Marc Miralles

Personal information
- Full name: Marc Miralles Portillo
- Born: 14 November 1997 (age 28)

Sport
- Sport: Field hockey
- Position: Midfielder
- Club: Real Club de Polo

Youth career
- Team
- –: CD Terrassa

Senior career
- Years: Team / Caps / Goals
- 0000–2020: CD Terrassa / - / -
- 2020–2023: Real Club de Polo / - / -
- 2023–2025: Bloemendaal / - / -
- 2025–present: Real Club de Polo / - / -

National team
- Years: Team / Caps / Goals
- 2017: Spain U21 / 4 / (2)
- 2018–present: Spain / 123 / (44)

Medal record
World Cup
| Silver medal – second place | 2026 Wavre/Amstelveen |  |
EuroHockey Championships
| Bronze medal – third place | 2025 Mönchengladbach |  |

= Marc Miralles =

Spanish field hockey player (born 1997)

Marc Miralles Portillo (born 14 November 1997) is a Spanish field hockey player who plays as a midfielder for División de Honor club Real Club de Polo and the Spain national team.

==Club career==
In the Spanish División de Honor, Miralles played for CD Terrassa until 2020. In June 2020 it was announced he would move to Real Club de Polo in Barcelona. After three years at Polo he left Spain to play for Bloemendaal in the Netherlands, where he signed a two-year contract. After his contract expired he returned to Real Club de Polo.

==International career==
===Under–21===
In 2017, Miralles was a member of the Spanish under-21 team at the EuroHockey Junior Championship in Valencia. Spain finished in equal third place at the tournament, after sickness among the Spanish team forced the cancellation of the bronze medal match.
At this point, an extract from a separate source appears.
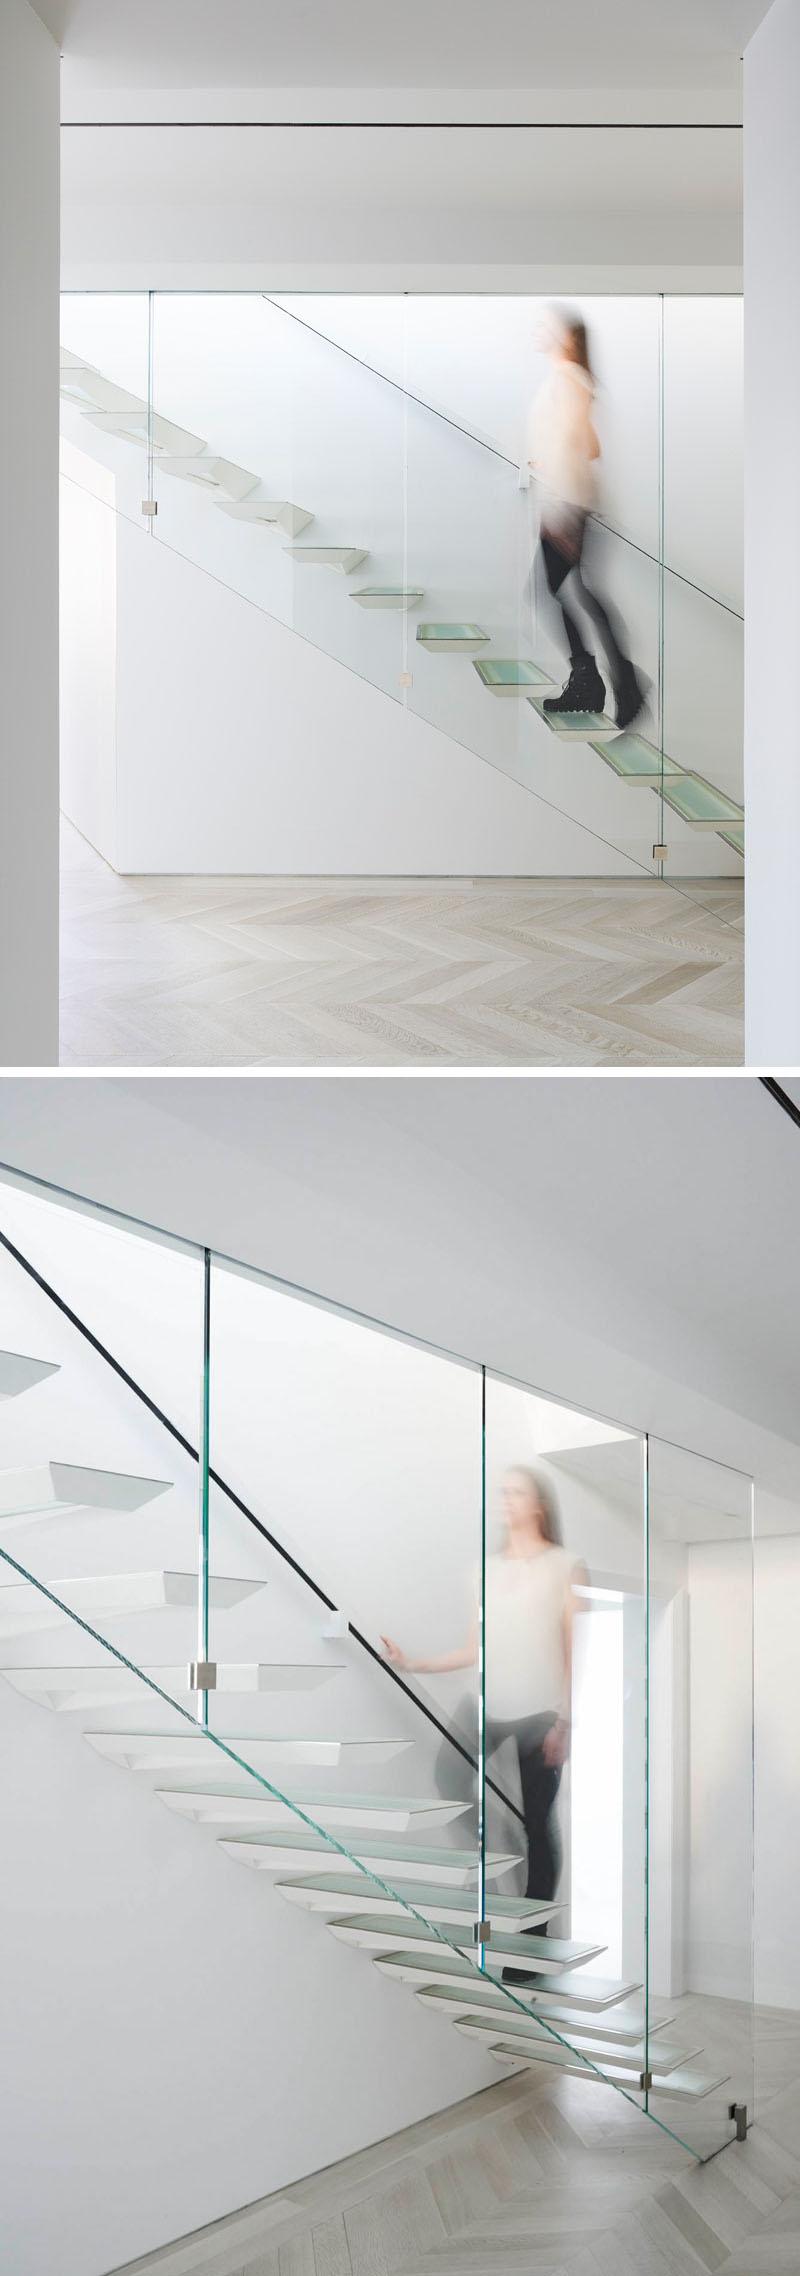 escalier-art-japonais-4

===Senior national team===
Miralles made his debut for Los Redsticks in 2018, during a test series against Wales in Terrassa. In 2021, Miralles made his first appearance at a major tournament, representing the team at the EuroHockey Championships in Amsterdam. Miralles was named as a co-captain of the team in 2022, when the squad for season three of the FIH Pro League was announced. He made his World Cup debut at the 2023 Men's FIH Hockey World Cup.